What is the difference between poke_interval and timeout in sensors?

poke_interval is how often (in seconds) the sensor checks the condition — for example, every 60 seconds. timeout is the maximum total time (in seconds) the sensor will wait before raising a timeout error. Setting a reasonable timeout prevents stuck DAG runs from blocking the scheduler indefinitely.

How does XCom work for passing data between tasks?

A task can push a value using context["ti"].xcom_push(key="result", value=42), and a downstream task retrieves it with context["ti"].xcom_pull(task_ids="push_task", key="result"). In the TaskFlow API, function return values are automatically pushed as XCom and injected as parameters in downstream functions.

What is the purpose of catchup=False in a DAG definition?

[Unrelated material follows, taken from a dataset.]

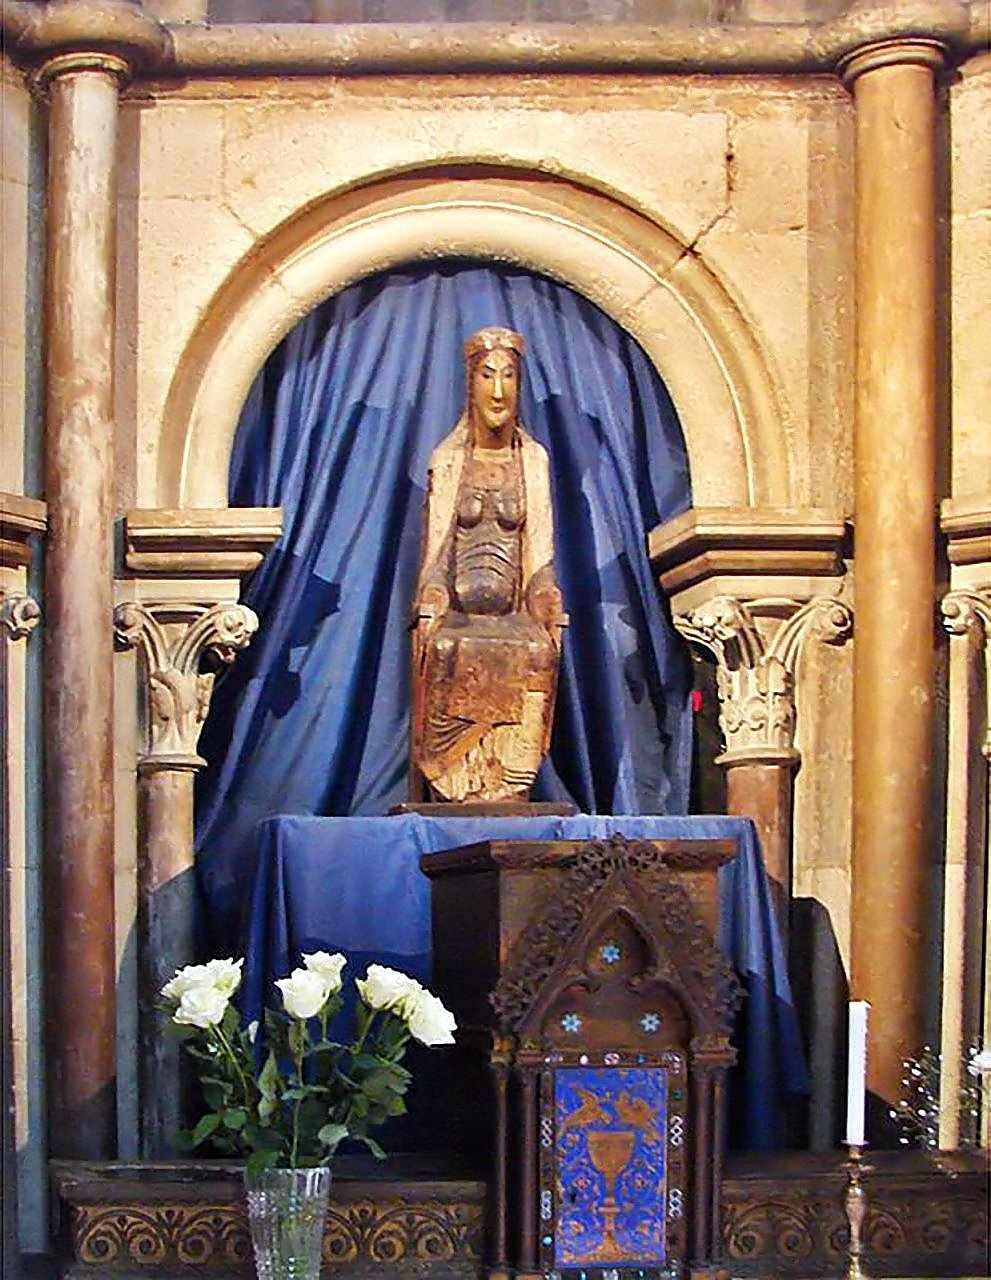 La Virgen Negra de la catedral de Dijon

When catchup=False, Airflow only runs the DAG for the current schedule interval, not for any missed intervals between start_date and today. Setting catchup=True (the default) would cause Airflow to backfill all missed runs since start_date, which is often undesirable for production pipelines.

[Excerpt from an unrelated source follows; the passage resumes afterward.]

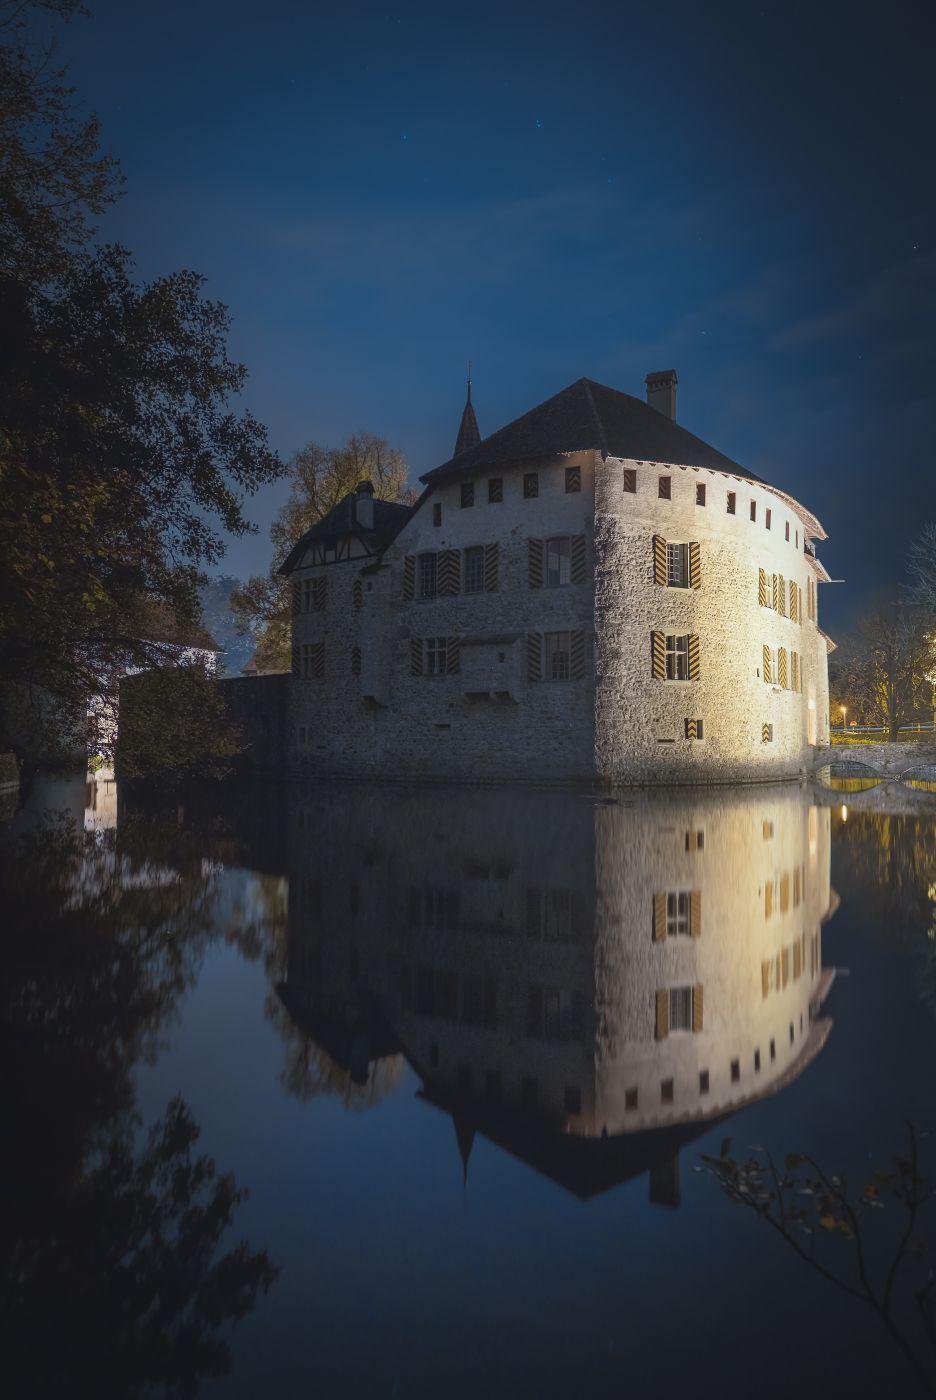 Schloss Hallwyl, Switzerland

How do I store and access secrets like API keys in Airflow?

Use Variable.set("api_key", "your-secret") to store the value, then Variable.get("api_key") to retrieve it at runtime. In Jinja templates, reference it as {{ var.value.api_key }}. For production, configure a secrets backend (AWS Secrets Manager, HashiCorp Vault) to avoid storing secrets in the Airflow metadata DB.

What is the airflow dags backfill command used for?

backfill re-runs a DAG for a specified historical date range: airflow dags backfill my_pipeline --start-date 2024-01-01 --end-date 2024-01-31 will trigger one run per schedule interval within that range. This is useful after fixing a bug in a DAG that caused failed runs.

How do I test a single task without running the whole DAG?

Use airflow tasks test <dag_id> <task_id> <execution_date>. For example: airflow tasks test my_pipeline run_python 2024-01-01. This runs the task locally without interacting with the metadata database, making it ideal for rapid iteration during development.